Vandick Ponte - Médico Anarquista, Mestre dos Psiquiatras
Após formar-se,
em 1933, o cearense de Sobral, Dr. Vandick Ponte especializou-se em
neuropsiquiatria pela Universidade de Columbia (EUA), dedicando-se, ao retornar
à sua terra, à psiquiatria, em definitivo, como médico e professor. Desapontado
com os trabalhos do único centro de atendimento da área em Fortaleza, o Asilo
de Parangaba, segundo ele preconceituosamente denominado de “Asilo dos
Alienados”, notabilizou-se pelos esforços, ao lado do colega Dr. Jurandir
Picanço, para a criação da Casa de Saúde São Gerardo, fundada em maio de 1935.
De um ambiente outrora superlotado e com altas taxas de mortalidade, partiu-se
para o gerenciamento de uma unidade descentralizada, aberta, destacando-se pelo
pioneirismo na assistência psíquica e humanitária no Norte e Nordeste
brasileiro, ainda que de iniciativa privada, comum numa época de abandono às
causas sociais, Somente depois da reforma da Previdência, quando surgiram os
convênios, voltou-se ao público, perdurando aos dias atuais como Instituto
Vandick Ponte.
Segundo o
médico, havia na época o constrangimento em “asilar” parentes, questionamentos
aos tratamentos e à superpopulação, quando a sociedade classificava os internos
como “loucos”, diante de uma cultura de pobreza. Os psiquiatras não se
adequavam aos avanços técnicos, preocupando-se com o isolamento do doente, sem
um contato fraterno com ele. Dr. Vandick mandou abrir as portas e esquecer as
grades, colocando cada colaborador no mesmo grau de profissionalização: “No São
Gerardo, cada médico é um assistente social, cada assistente social um
terapeuta ocupacional, cada terapeuta um auxiliar de enfermagem, além da
profissão específica”. “Não é possível ver os doentes mentais apenas passíveis
de uma “cura social” utópica”.
Fábrica de Vassouras |
Com a
introdução da ludoterapia, inédita, a partir dos anos 40, a psicoterapia sofreu
uma transformação animadora, realçada até hoje pelos especialistas modernos, Havia
planos em que os doentes exercitavam culturas variadas, como danças e encenações
teatrais sempre assistidos por médicos. Pelo sistema “oper-door”, seguindo os
critérios das mudanças necessárias, constatamos os internos passeando pelos
jardins, pelas oficinas, salas de estar e recreio, ao contrário do
“aprisionamento” dos asilos, cujo modelo, que segundo o Dr.Wandick Ponte, faliu
aos cuidados do filantropismo religioso. O monopólio da religião católica não
foi capaz de absorver a tensão e nervosismo dos doentes diante de um sistema
fechado. Graças aos progressos da psiquiatria biológica, os “depósitos de
loucos” (manicômios) foram fechados ou drasticamente reduzidos e humanizados,
acabando a violência aos doentes mentais, a contenção e ociosidade.

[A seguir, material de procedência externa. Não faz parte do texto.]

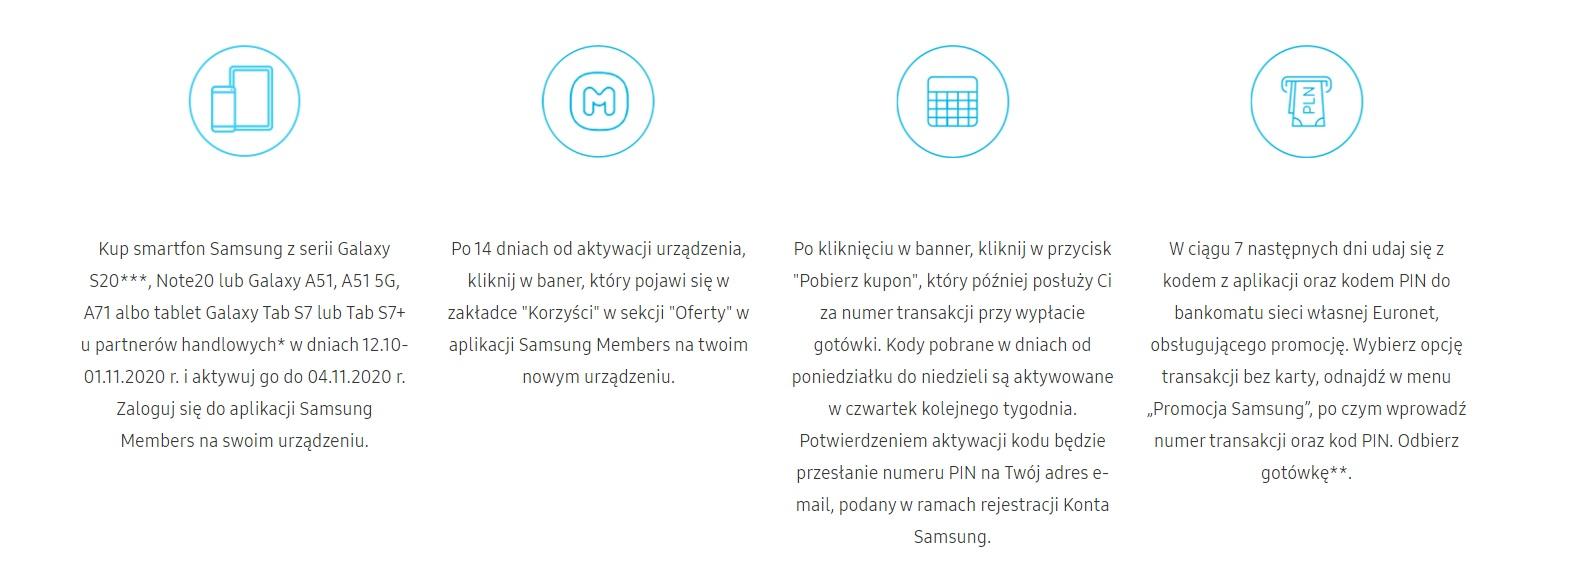 promocja Samsung premia zasady

"Uma injustiça social suicida que permite a uma elite inautêntica imitar os países ricos, explorando o seu povo e avassalando a sua cultura" (Vandick Ponte, 1986)
Se nos asilo a
marca era o tradicionalismo, a hidroterapia, sedando os pacientes, na Casa de
Saúde São Gerardo de então já se ousava com seu método de tratamento da
paralisia geral, cuja causa de origem estava ligada a sífilis cerebral, sendo
tratada pelo germe da malária. Paralelo a isso, foram introduzidos no Ceará os primeiros
aparelhos de eletrochoqueterapia e o pioneirismo na utilização de filmes como
tratamento biológico à base de insulina. “é preciso acabar com o mito da
irresponsabilidade do psicótico como já se acabou com o mito da sua violência”,
dizia o médico, que adotava a terapia cognitiva para lidar com a consciência como
forma de libertar um indivíduo de suas neuroses, controlando a sua ansiedade.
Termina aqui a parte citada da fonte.